» **Provided data**

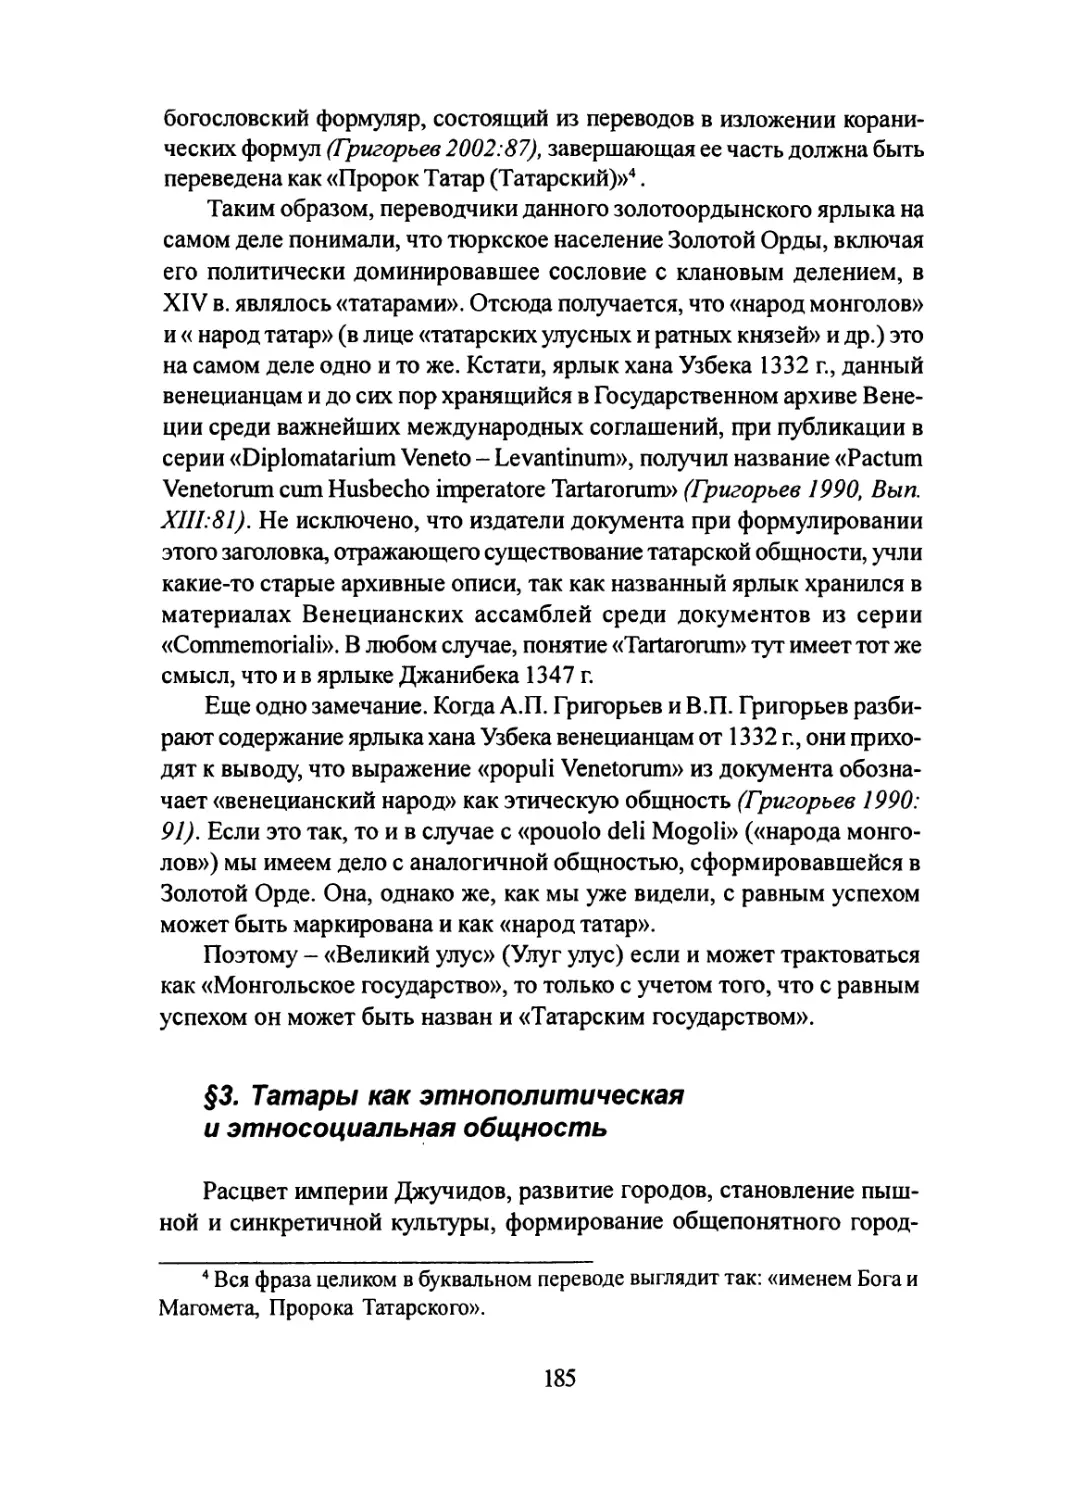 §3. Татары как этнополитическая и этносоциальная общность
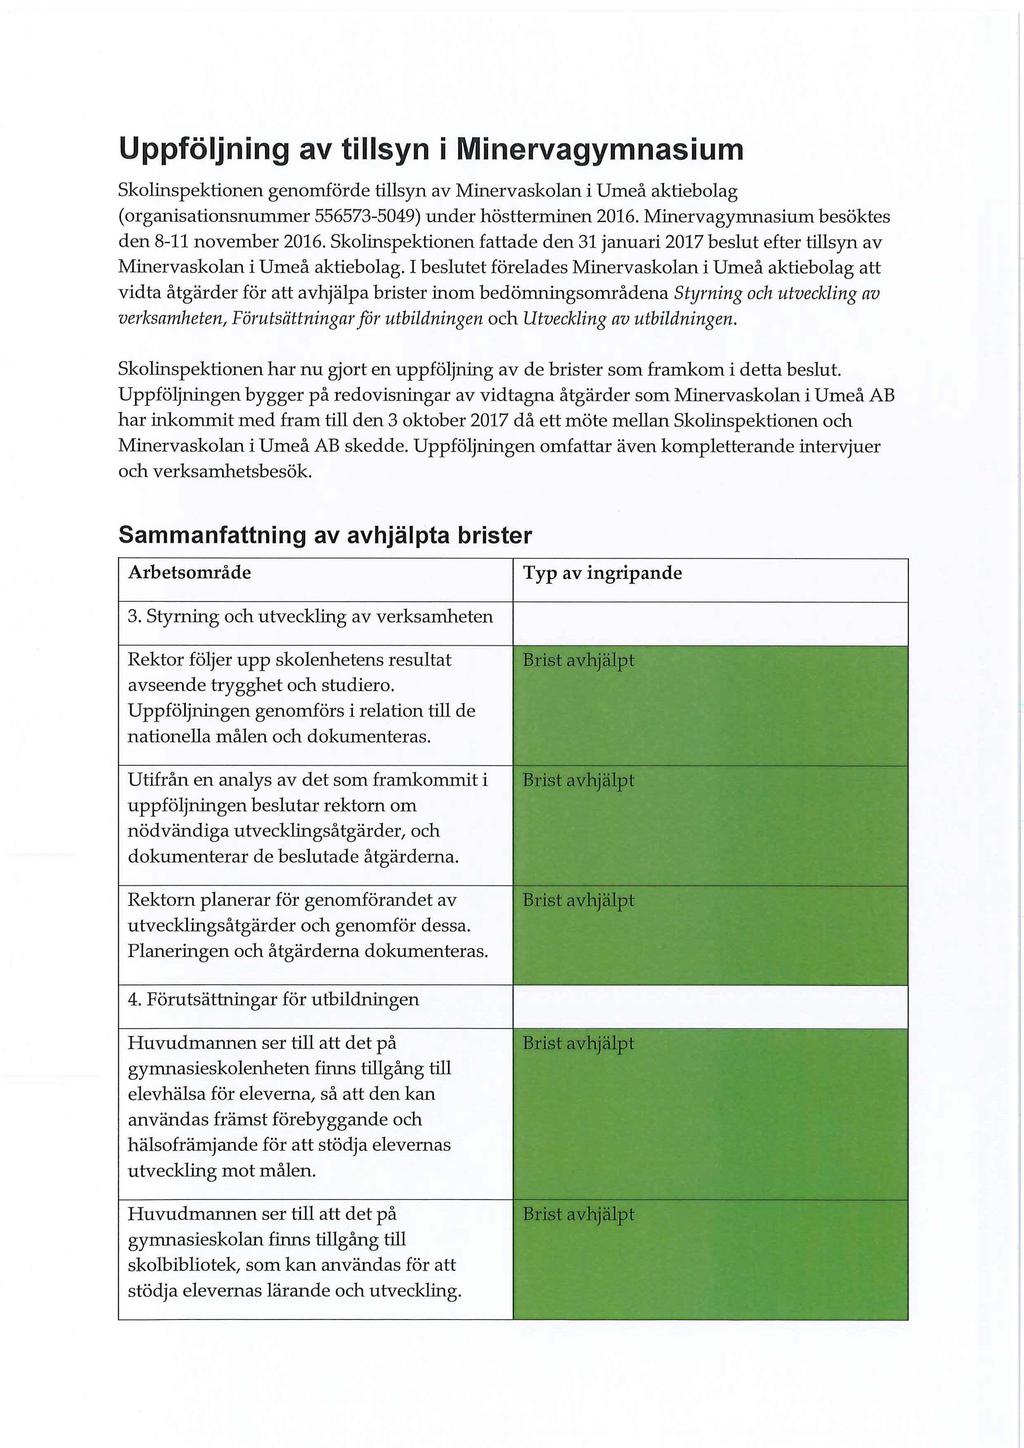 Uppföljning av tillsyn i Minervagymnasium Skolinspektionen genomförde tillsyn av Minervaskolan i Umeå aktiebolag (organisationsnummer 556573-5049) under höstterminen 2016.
--
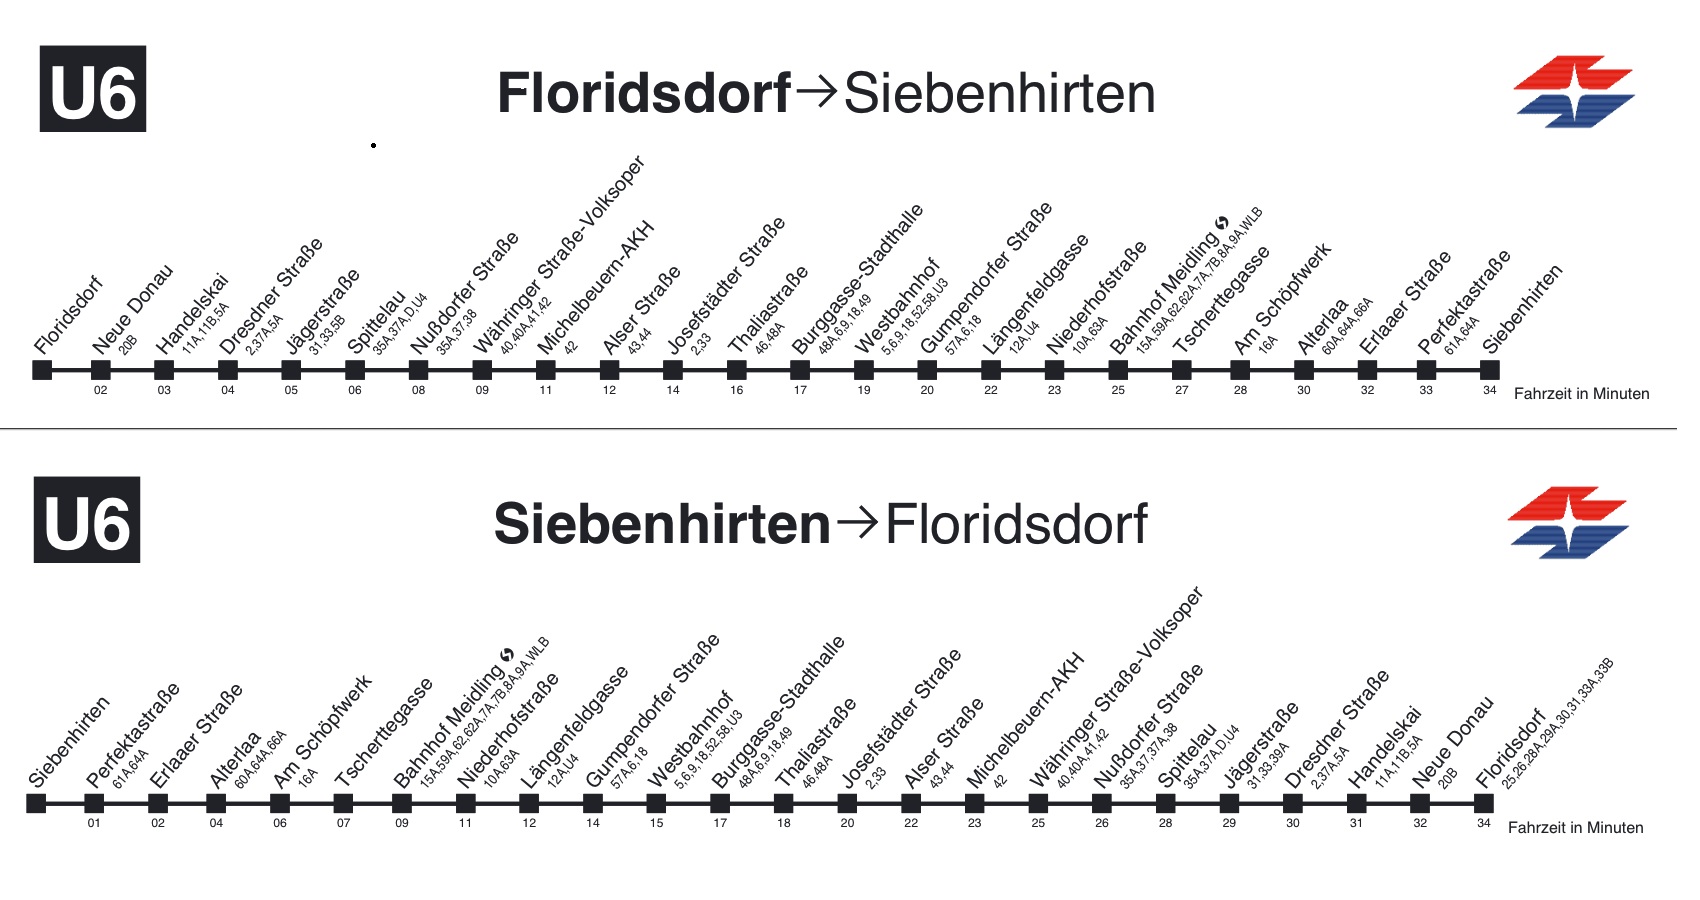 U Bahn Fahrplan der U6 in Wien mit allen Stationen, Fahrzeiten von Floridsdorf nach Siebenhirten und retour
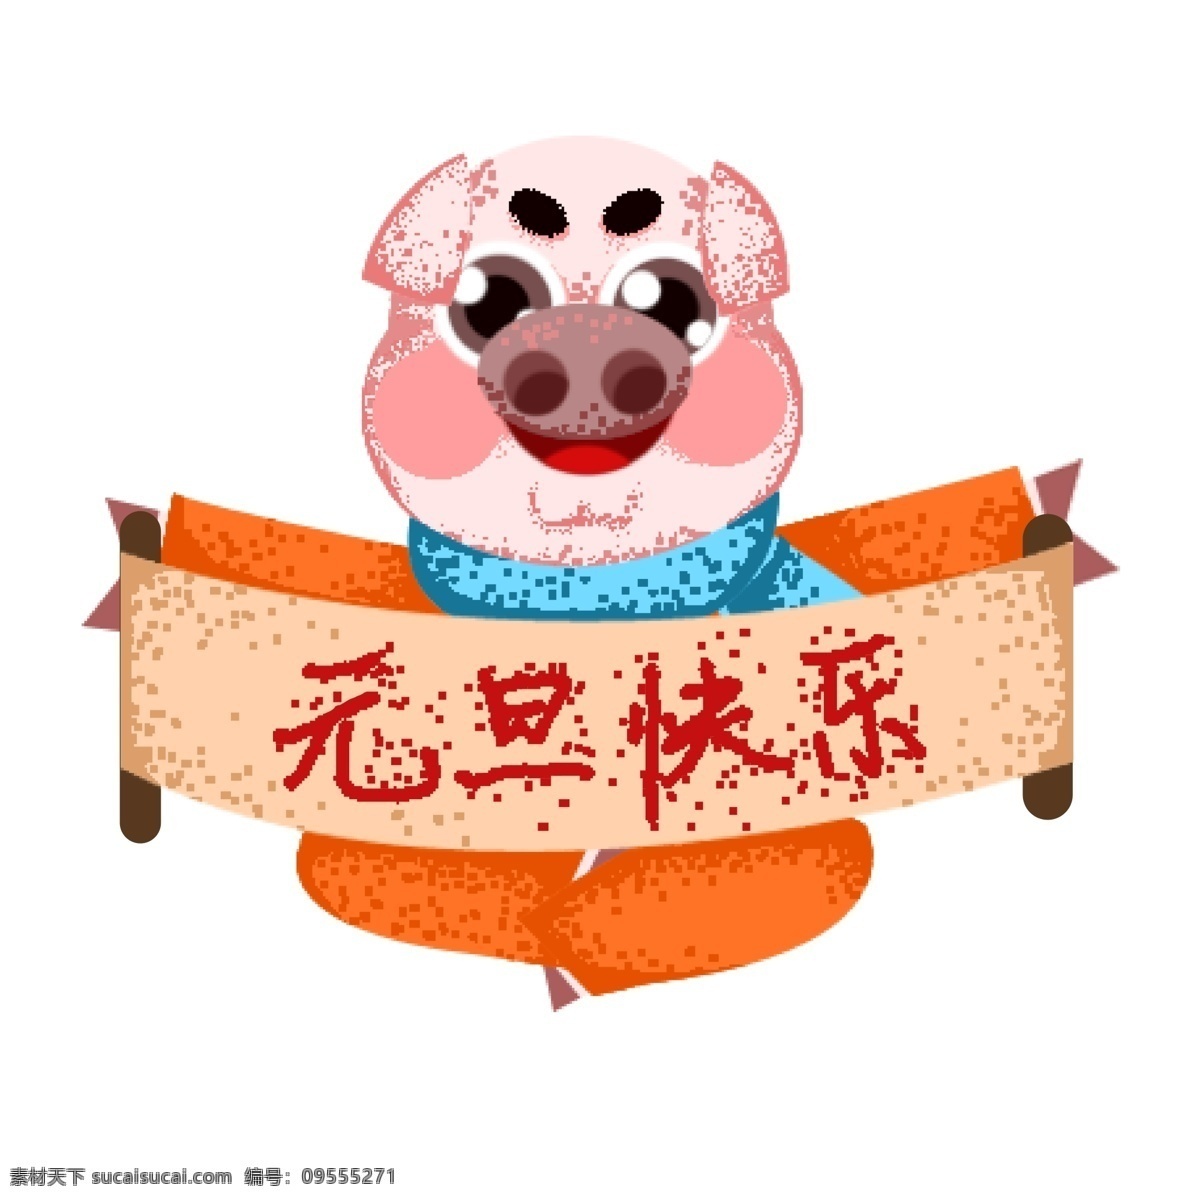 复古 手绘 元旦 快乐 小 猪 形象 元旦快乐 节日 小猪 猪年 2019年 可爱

» **What you are asked to do**
Go back to the lines above and output, exactly as they stand, the ones from the line containing "U Bahn Fahrplan" to the line containing "复古 手绘 元旦 快乐 小 猪 形象 元旦快乐 节日 小猪 猪年 2019年 可爱". Leave all pictures behind.

» **Problem solution**
 U Bahn Fahrplan der U6 in Wien mit allen Stationen, Fahrzeiten von Floridsdorf nach Siebenhirten und retour
 复古 手绘 元旦 快乐 小 猪 形象 元旦快乐 节日 小猪 猪年 2019年 可爱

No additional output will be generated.